I have always been an over-ambitious and obstinate masochist. I have fought with that, and prided in that, I’ve denied it, and worried I’ve lost it. It has been my downfall on many occasions and, just as often, my only saving grace.

I’ve written before about this proclivity, and also about how it seems to be inadvertantly diluted by parenthood. But I had a revelation at the start of last week.

We were on our way back, just me and Mak, from a trip to France for an old friend’s wedding. We’d been on an epic train journey; we’d visited Paris, climbed the Eiffel Tower, cruised the Seine, watched orangutans play in the Ménagerie, before heading South to party in Cannes, swim in the Mediterranean, and make new friends in Burger King. Then we returned to the North, on the top bunk of the night train, to spend the day in the Grande Gallerie de l’Évolution, before finally heading home, backpacks stuffed to bursting with dirty laundry, snacks and souvenirs.

It had been a beautiful, colourful, infuriating, anxiety-inducing symphony of experience. I’d felt like a failure on several occasions, and equally I’d felt deeply affirmed at times. It was a fairly bold decision to take sole charge of a six year old ball of inexhaustible energy on a whistlestop overland trip to the South of France, but I regretted it far less than I thought I would. And, now, we’d made it; we were safely aboard our final train, in our home country, enjoying an apple juice and a beef stew, and chatting about the video game Mak is definitely going to make this year.

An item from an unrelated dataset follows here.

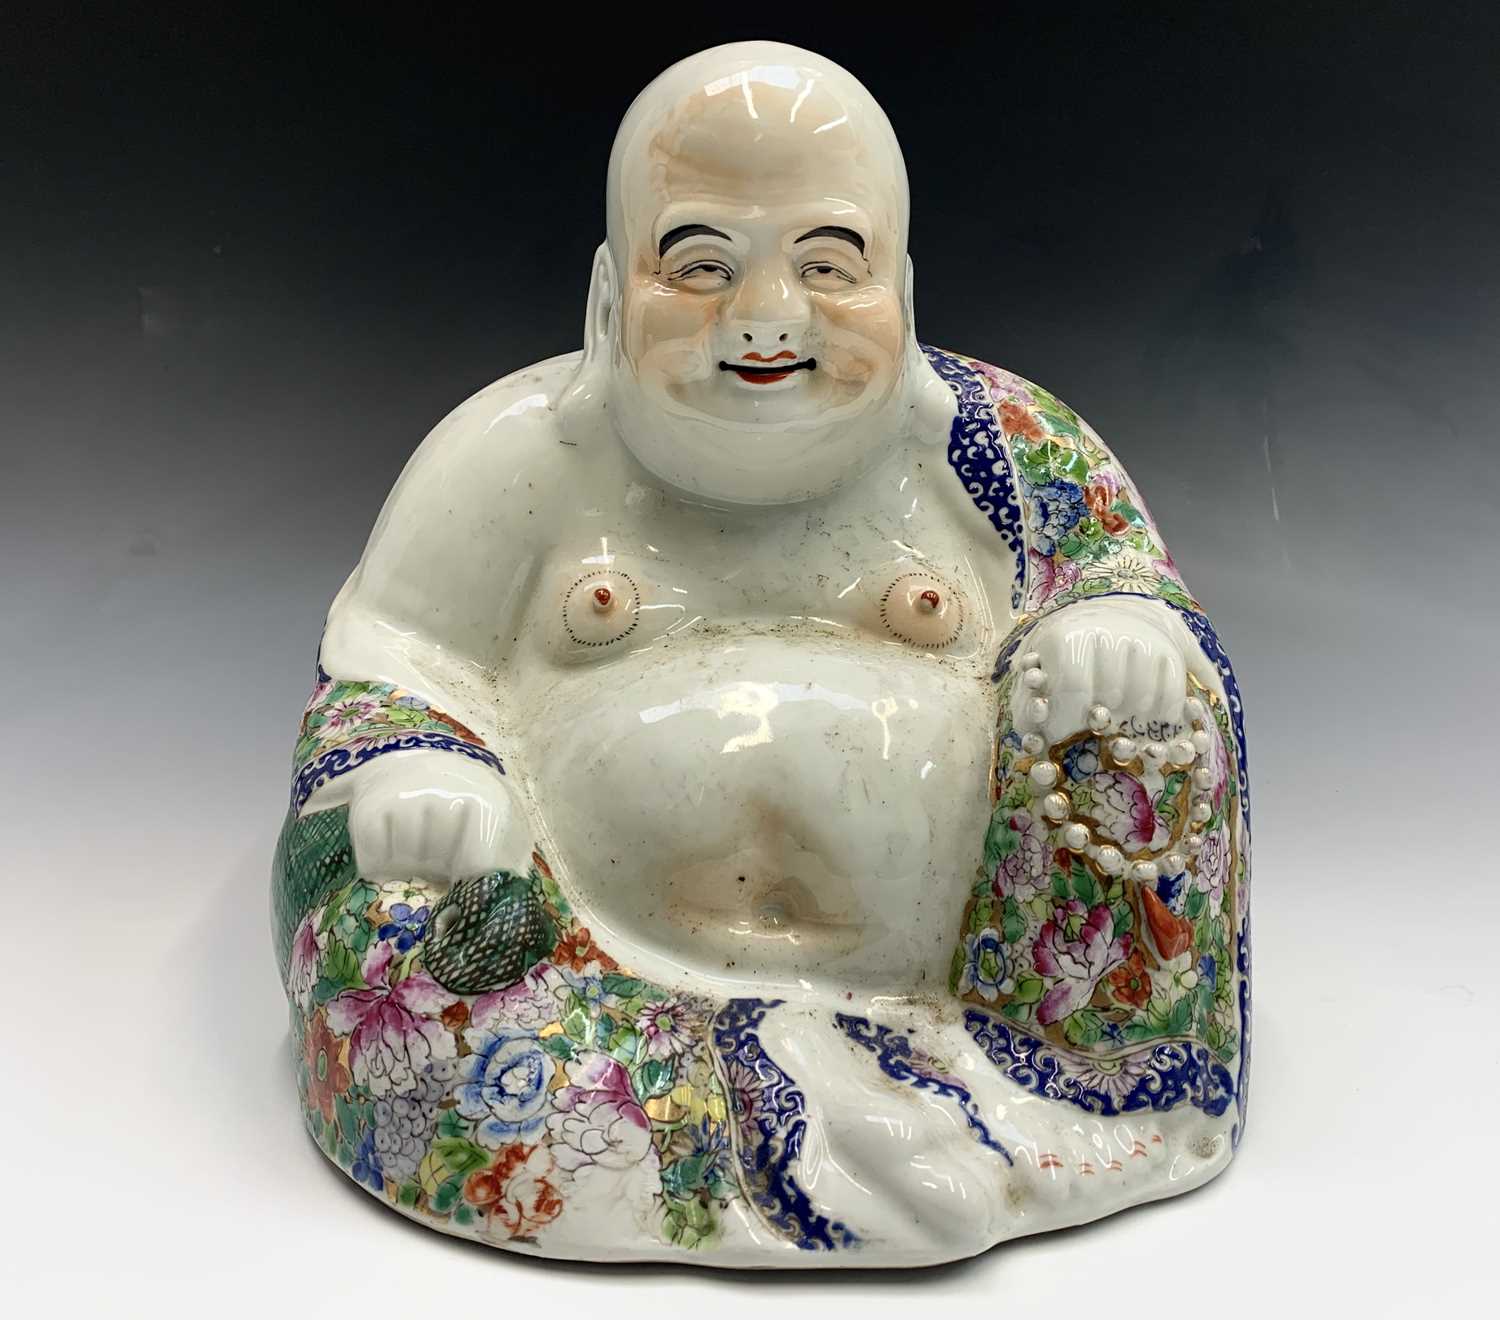 A large Chinese porcelain figure of a seated Buddah, 20th century, wearing a floral decorated robe - Image 4 of 15

I was pleasantly exhausted and relieved it was over, and I was already conducting the analysis of my mistakes. About three hours of almost constant chat into the journey, Mak excused himself politely to go to the toilet, so I knew he must be equally exhausted. After he left, a woman sitting near us leaned over and said she just had to tell me what a great job I was doing, what good parenting skills I have, and what a lovely young boy I was raising. All I could do was say thank you repeatedly, until she put her headphones back in and retreated to her seat.

If that compliment had come at any other time, I would have been grateful and touched, and reassured. But it came after six days of relentless, imperfect striving, of museum closures and broken air con, sleepless nights worrying he’d fall out of bed, multiple conversations trying to fix my own fuck ups with inadequate French skills, and constant fear I wasn’t up to the task of being this kind of mother. It also came while I was sure I was too spent to be parenting effectively.

It was like the stones slid into place and a secret passage was revealed. This is where I’ve been putting it all. Parenthood didn’t dilute my ambitions, it just became my new target. It’s ridiculously obvious, of course; I shouldn’t have needed an epiphany. But I think I’d been fighting the notion that this was somewhere I could direct the most intense part of me. And hearing someone say that something good had come from it, when the whole time I’d been wringing my hands over whether I was even okay at this job, changed my perspective profoundly.

So now I can walk down this secret passageway of personal fulfillment. I can accept that this is where I want to test myself, and push myself, and it’s not just about the outcome for Makaloo, it’s about the impact of the endeavour on me. There need be no tension between ambition and parenthood; they are one and the same.